During the presidential campaign, I'd seen these orderly and enthusiastic crowds hundreds of times in big cities and remote hamlets. I'd learned to look past first impressions of throngs of people taking spontaneously to the streets, and to see the efficient mechanisms of corporatist Mexico at work. I was familiar with the engineering feats that turned out masses of trade groups, clients, and sympathizers by rewarding attendance and punishing absence. The old staging skills were on display the length of the route the procession would traverse. Classes had been canceled, the city's entire school population mobilized and strategically deployed. Boys and girls from the elementary grades, adolescents, and
teenagers from the high schools and trade schools were all shepherded to their appointed places by their teachers. They waved their tricolor flags and wore small black mourning bands on the sleeves of their uniforms. Members of the city's labor unions stood shoulder to shoulder behind the crowd barriers. The waitresses held red carnations in their hands. The telegraphers and postal workers carried a huge wreath woven from sticks to resemble a microwave dish with the word
adios
spelled out in purple flowers at its center. Peasants and dancers had been trucked in from the sierra, and Poza Rica's 500 taxis—lined up one after the other in the median of a major thoroughfare—were matched by a similar show of union rolling stock: tanker trucks and cement mixers, tractors and backhoes, graders and mobile cranes. Garish banners hung from the outside lighting fixtures of buildings and covered their walls, competing with one another in the expression of a single sentiment: “We won't forget you, Lacho.” At street corners and intersections, barrio dwellers and office workers waved pennants promising that “Your example will guide our children” while police patrols closed streets and kept order. “The electricians of Poza Rica bid Lázaro Pizarro goodbye.” Organizers of the farewell weighed down little girls and old ladies with armloads of flowers. “Healthcare workers wish Lázaro Pizarro immortal health in eternity.” Cheering squads rang cowbells and blew whistles. “You are never gone and never will be gone from our memory.” Prostitutes stood weeping with wilted yellow mourning flowers in their hands.
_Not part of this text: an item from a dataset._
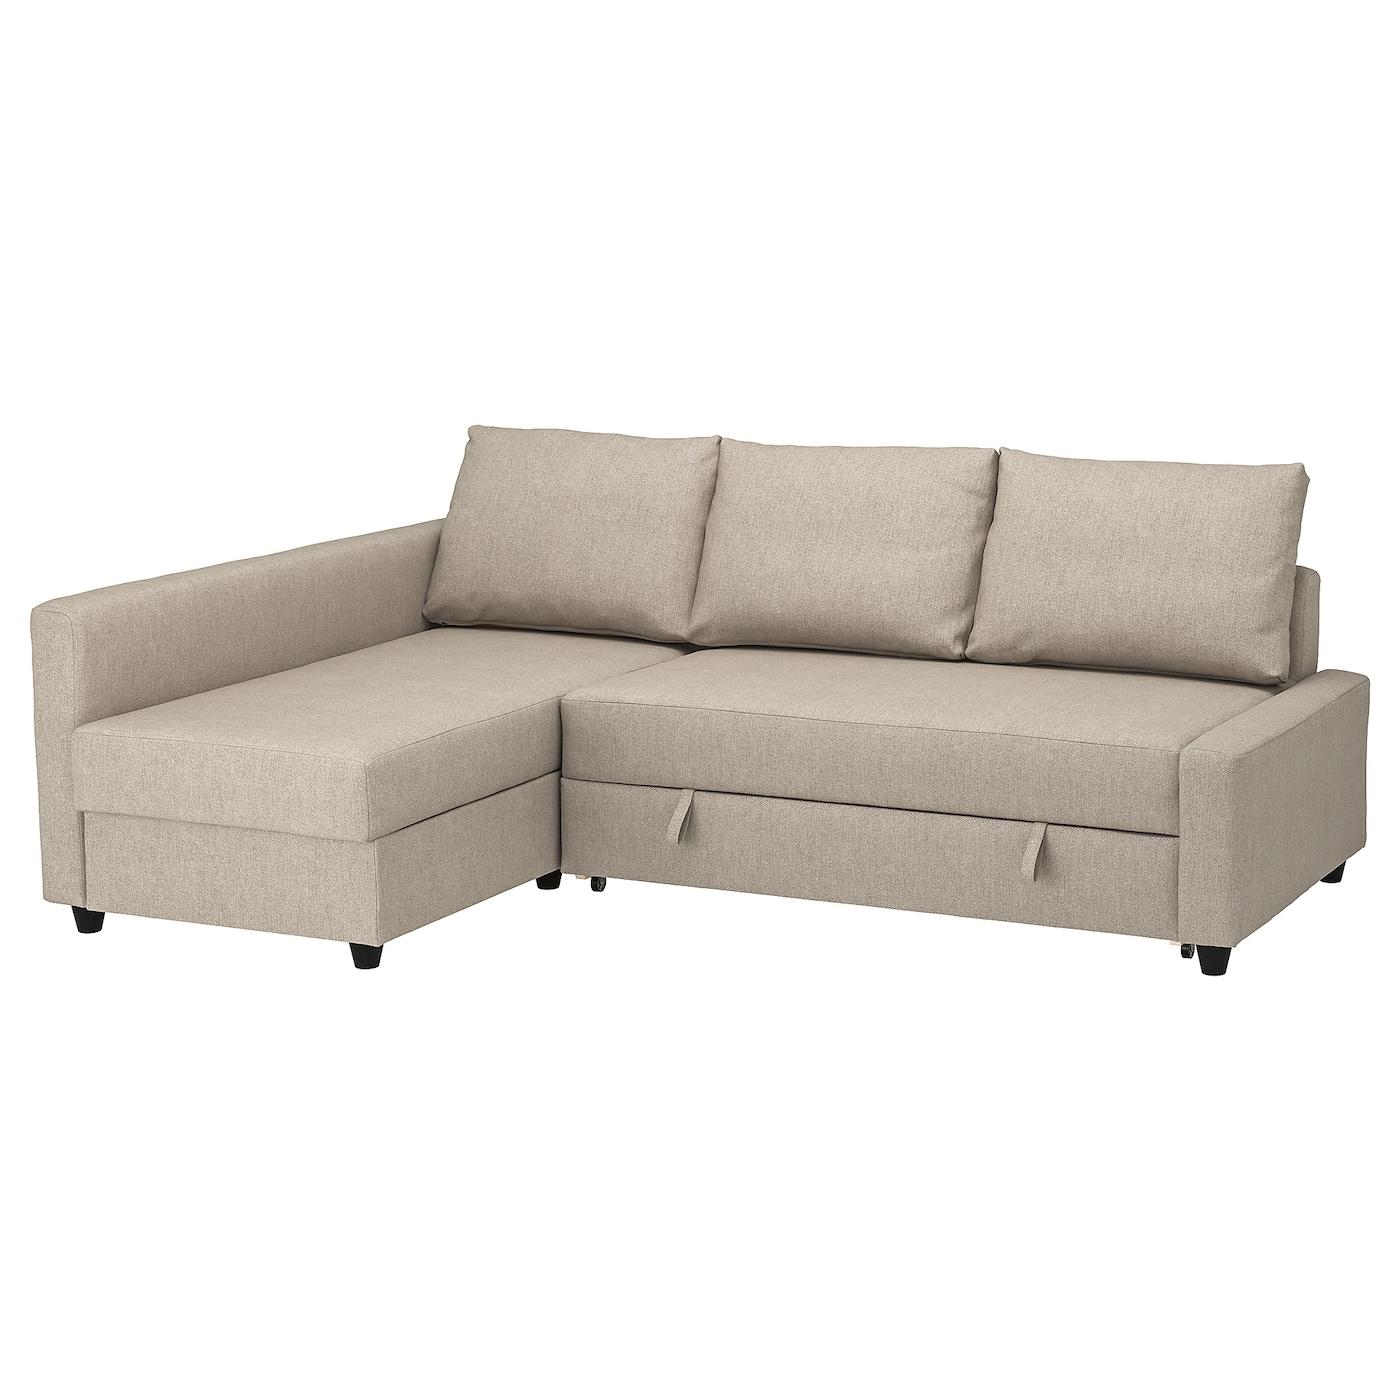 Friheten Sleeper Sectional 3 Seat W Storage Hyllie Beige Ikea

With the sticks intended to hold up their signs they'd improvised a canopy that shielded them from the blazing sun. “Lázaro Pizarro, always together for the victory of the workers.” The railroad workers' siren pierced the air, duly sounding the alarm that signaled disasters and emergencies. “You lost your Life, Lacho, but you made History.” And at carefully staggered 100-meter
intervals were the city's orchestras, marimba bands, marching bands, and other musical ensembles tuning electric guitars, rehearsing riffs on flutes and clarinets, tightening the strings of harps and violins, beating drums, and culminating in a small placard tied to a balcony. “There is only one Lacho; he is all of us” the message said.

Nearer union headquarters in the center of the city, the fiesta intensified with more banners and more slogans. I was well aware of the skeleton beneath this extravagance and excess, the administrative and orchestral clout that could energize a reception or a parade or fill a stadium with a cheering crowd. Still, I never ceased to be surprised by the sense of vivacity and strength I felt upon blending into the living stages of the pyramid, the pyramid from whose peak Pizarro ruled to the point of directing his own farewell and infusing it with the vigor of the crowds flooding the raucous streets of Poza Rica. Choked with people, the streets were more beautiful and less visible than ever before. The impenetrable tumult around the union headquarters was perfectly easy to imagine given, among other things, its visibility from blocks away where the crowd barriers yielded to a throbbing hive of vehicles and people, a giant festival closed to additional traffic. At the far side of the crowd, above the heads of the tangled mass at ground level, a bank of reflectors rained still more light on the crowd's emergent movement as a power greater than itself sliced through it. On the pulsating ribbon of the street, as if part of a mirage created by so much brilliance, the enormous bulk of two buses with their big lights ablaze revealed the spot where proceedings would begin, the offices of the union.